Beginning August 17, 1938, Jews with first names of non-Jewish origin had to add Israel (males) or Sarah (females) to their names, and a large J was to be imprinted on their passports beginning October 5. On November 15 Jewish children were banned from going to normal schools. By April 1939, nearly all Jewish companies had either collapsed under financial pressure and declining profits, or had been forced to sell out to the Nazi German government. This further reduced Jews' rights as human beings; they were in many ways officially separated from the German populace.

The increasingly totalitarian, militaristic regime which was being imposed on Germany by Hitler allowed him to control the actions of the SS and the military. On November 7, 1938, a young Polish Jew, Herschel Grynszpan, attacked and shot two German officials in the Nazi German embassy in Paris. (Grynszpan was angry about the treatment of his parents by the Nazi Germans.) On November 9 the German Attache, vom Rath, died. Goebbels issued instructions that demonstrations against Jews were to be organized and undertaken in retaliation throughout Germany. The SS ordered the Night of Broken Glass (Kristallnacht) to be carried out that night, November 9–10, 1938. The storefronts of Jewish shops and offices were smashed and vandalised, and many synagogues were destroyed by fire.

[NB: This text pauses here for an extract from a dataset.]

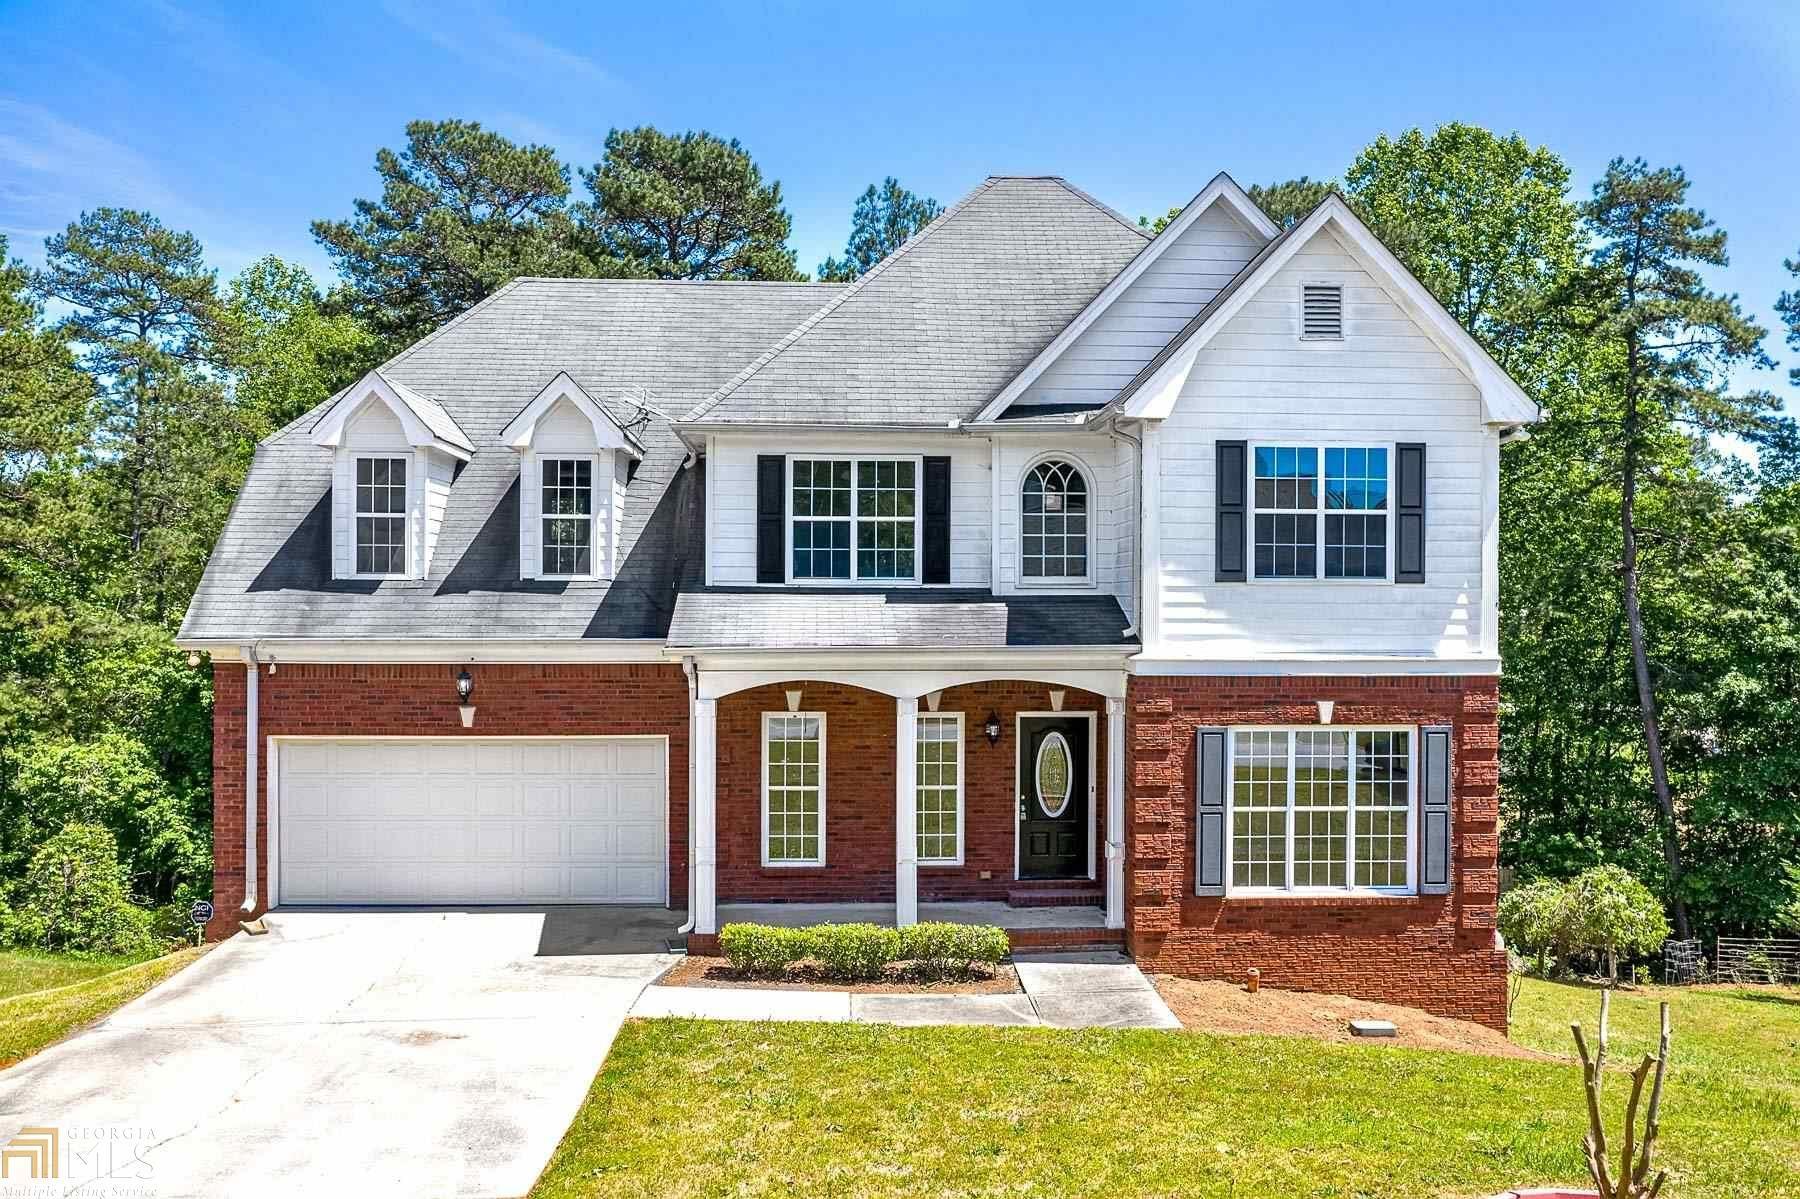 210 Wisteria Blvd, Covington, GA 30016 - MLS#: 8780152
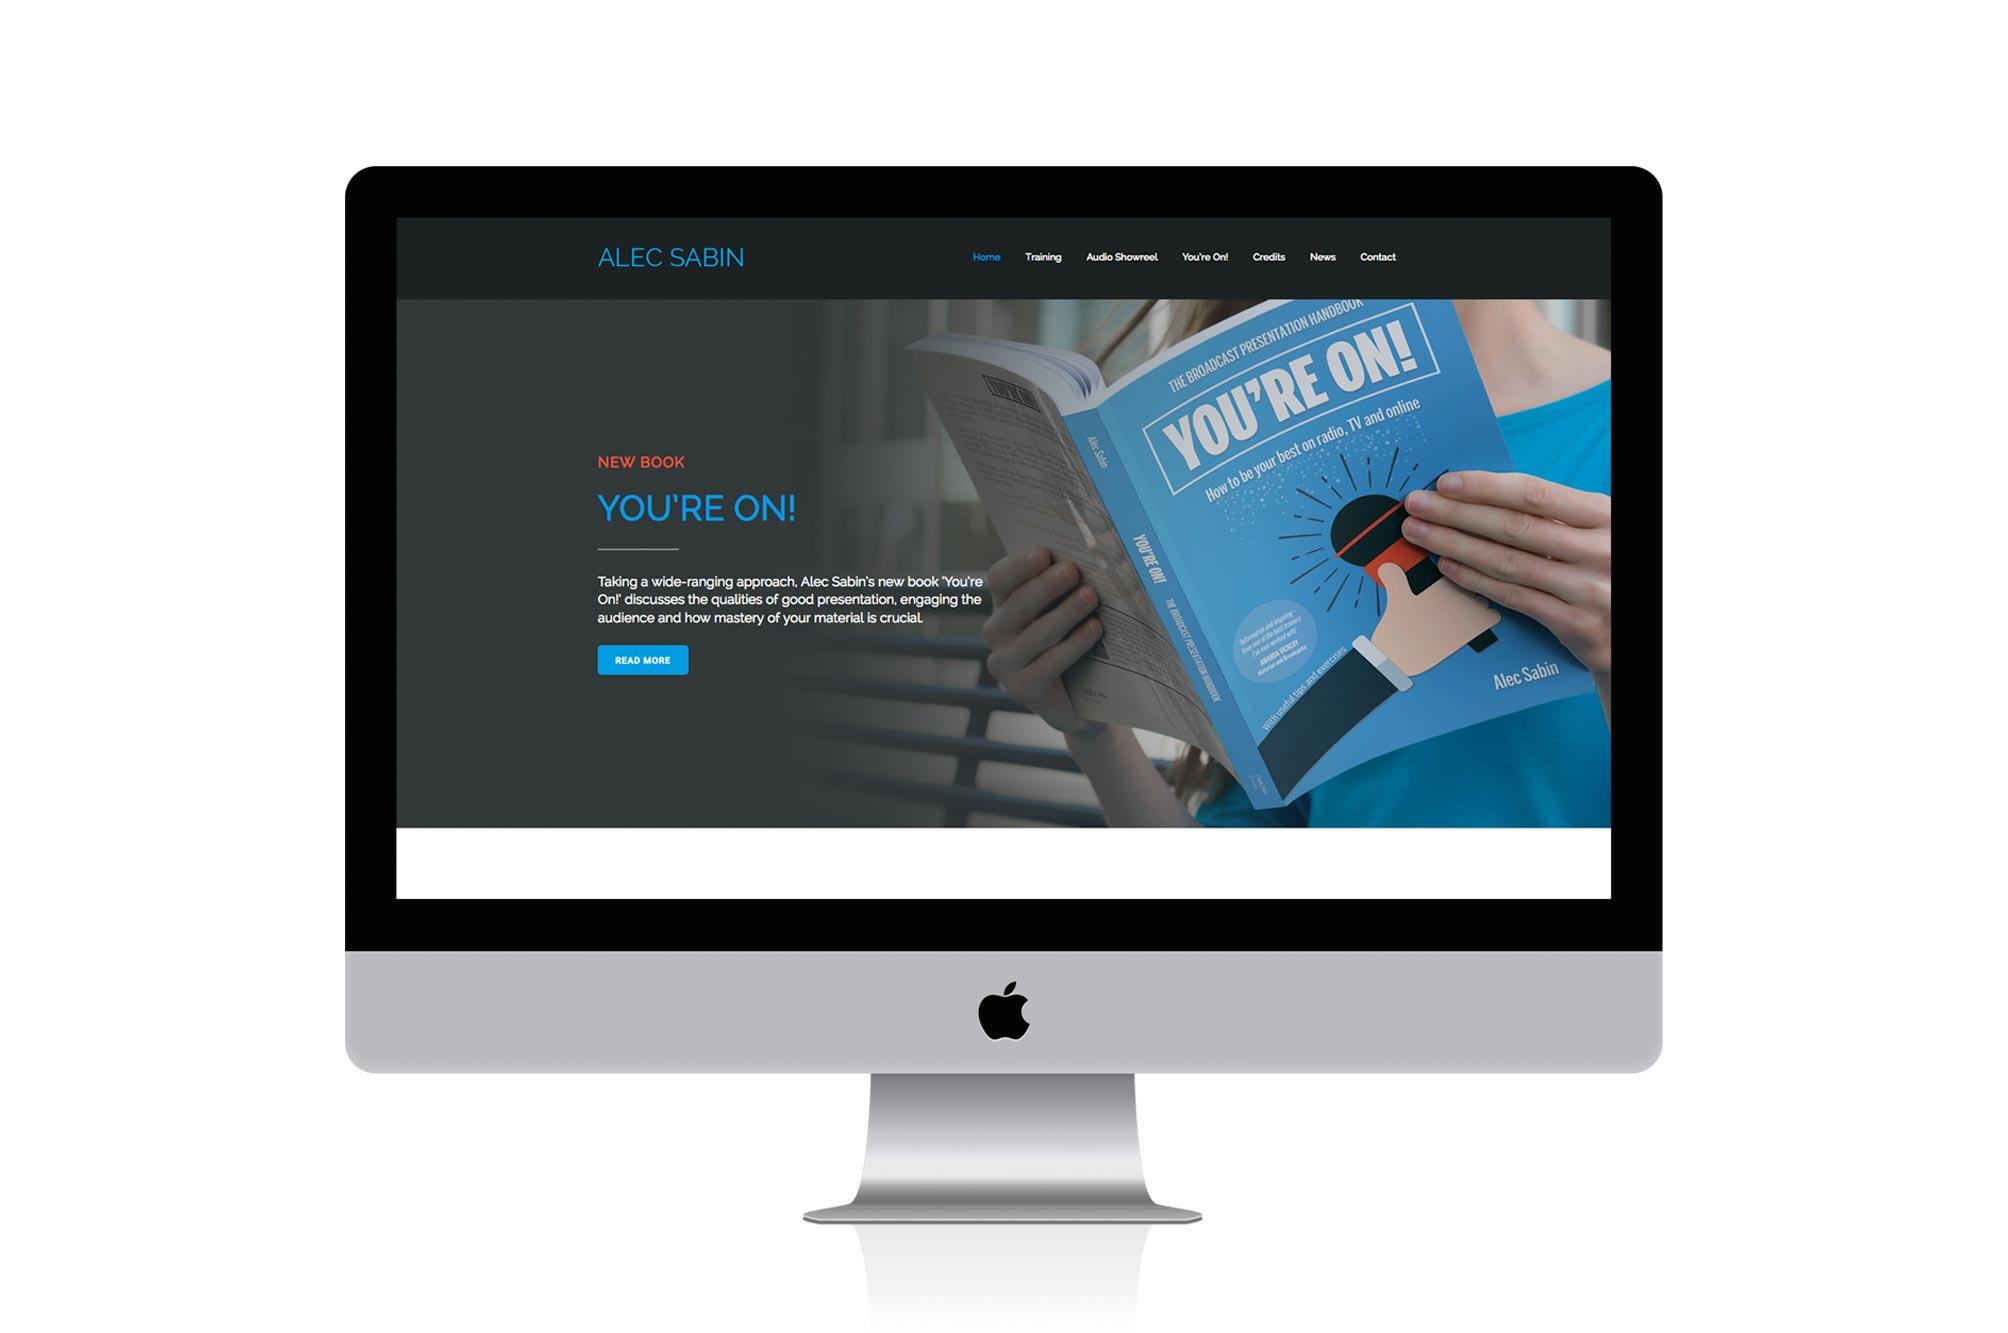 Alec Sabin Website Home Page on an iMac

Approximately 91 Jews were killed, and another 30,000 arrested, mostly able bodied males, all of whom were sent to the newly formed concentration camps. In the following 3 months some 2000–2500 of them died in the concentration camps, the rest were released under the condition that they leave Germany. Many Germans were disgusted by this action when the full extent of the damage was discovered, Hitler ordered it to be blamed on the Jews. Collectively, the Jews were made to pay back one billion Reichsmark in damages, the fine being raised by confiscating 20 per cent of every Jewish property. The Jews also had to repair all damages at their own cost.

Of the 522,000 Jews living in Germany in January 1933, only 214,000 were left by the eve of World War II.